Peu de changements pour les particuliers
Adoptée lundi 2 février, la loi de finances pour 2026 apporte finalement peu de nouveautés en matière de fiscalité des ménages.
Le gouvernement a renoncé à deux mesures annoncées pendant l’examen : le gel du barème de l’impôt sur le revenu et la suppression de l’abattement de 10 % sur les pensions de retraite. Les paramètres utilisés pour calculer l’impôt restent donc inchangés dans leur principe.
Comme chaque année, les seuils des tranches du barème et l’ensemble des « chiffres » servant au calcul de l’impôt sont revalorisés selon l’inflation prévisionnelle, à hauteur de +0,9 %.
Cette indexation vise à préserver le pouvoir d’achat des contribuables en limitant l’effet de l’inflation sur l’augmentation mécanique de la charge fiscale.
Par ailleurs, plusieurs amendements débattus en première lecture n’ont pas été intégrés au texte final. Parmi eux figuraient des propositions de remplacement de l’impôt sur la fortune immobilière (IFI) par un impôt sur la « fortune improductive » ou par une contribution spécifique sur les très hauts patrimoines.

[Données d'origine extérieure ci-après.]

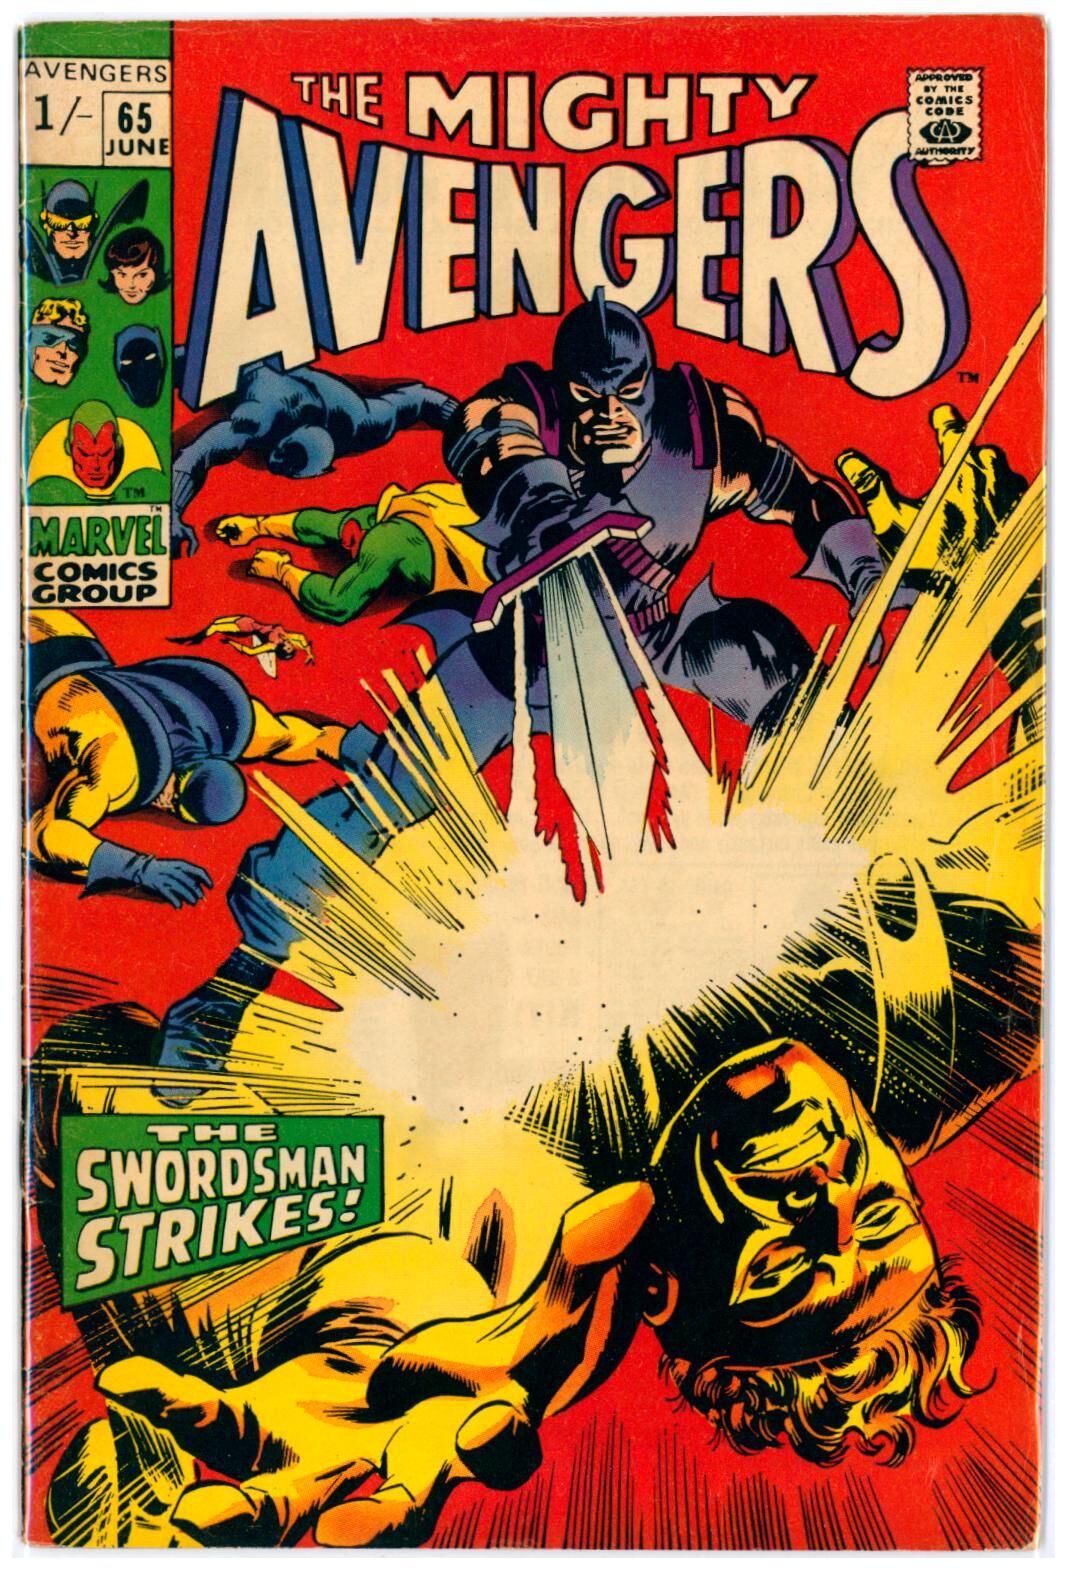 Avengers #65

La contribution différentielle prolongée pour les hauts revenus
La loi reconduit en revanche la contribution différentielle sur les hauts revenus. Créée par la loi de finances pour 2025, cette taxe reste en vigueur jusqu’à ce que le déficit public retombe sous le seuil de 3 % du produit intérieur brut.
Elle concerne les contribuables dont les revenus annuels dépassent 250 000 euros pour une personne seule, ou 500 000 euros pour un couple. L’objectif affiché est de garantir que ces contribuables acquittent un impôt minimal équivalant à au moins 20 % de leurs revenus.
La reconduction de cette contribution marque la volonté du législateur de maintenir une pression fiscale sur les revenus les plus élevés, en attendant une amélioration des comptes publics.
Mesures ciblées pour les chefs d’entreprise et les holdings
L’essentiel des nouvelles mesures significatives de la loi concerne les chefs d’entreprise et certains montages patrimoniaux. Ces dispositions n’entreront en vigueur qu’après examen par le Conseil constitutionnel, saisi par le premier ministre, Sébastien Lecornu, « eu égard à l’importance de ces dispositions dans la lutte contre l’optimisation fiscale et en vue d’assurer la plus grande sécurité juridique aux acteurs économiques ».
Parmi les mesures envisagées figure l’instauration, si le Conseil constitutionnel valide le texte, d’une taxe à 20 % frappant les holdings patrimoniales dont l’actif atteint au moins 5 millions d’euros.
La portée de cette taxe a cependant été restreinte au fil des débats. Alors que le projet initial incluait l’ensemble des actifs non professionnels, la version finale ne vise que certains biens jugés « somptuaires ». Sont ainsi concernés les véhicules de luxe, les yachts, les bateaux de plaisance, les chevaux de course et les logements dont le chef d’entreprise se réserve la jouissance.
En revanche, les œuvres d’art, de collection ou d’antiquité ne figurent pas dans la liste des biens assujettis.
Portée et implications
La réduction du périmètre d’assujettissement conduit à cibler des biens de confort ou d’agrément, plutôt que des actifs culturels ou patrimoniaux protégés. Ce choix modifie sensiblement l’équilibre entre lutte contre l’optimisation fiscale et préservation de certains patrimoines privés.
La validation par le Conseil constitutionnel sera déterminante pour la mise en œuvre effective de ces dispositions. Le gouvernement justifie sa saisine par la nécessité d’assurer la sécurité juridique des acteurs économiques et la robustesse des mesures face à des contestations potentielles.
En l’état, la loi laisse donc inchangés, pour la majorité des ménages, les principes fondamentaux de l’imposition des revenus. Les principales mesures nouvelles se concentrent sur des mécanismes ciblés à l’encontre de très hauts revenus et de certaines structures patrimoniales.
Si le texte est confirmé dans sa version actuelle, il restera à observer son impact réel sur les comportements fiscaux des entreprises et des contribuables les plus aisés, ainsi que sa capacité à générer des recettes supplémentaires dans un contexte de déficit public toujours présent.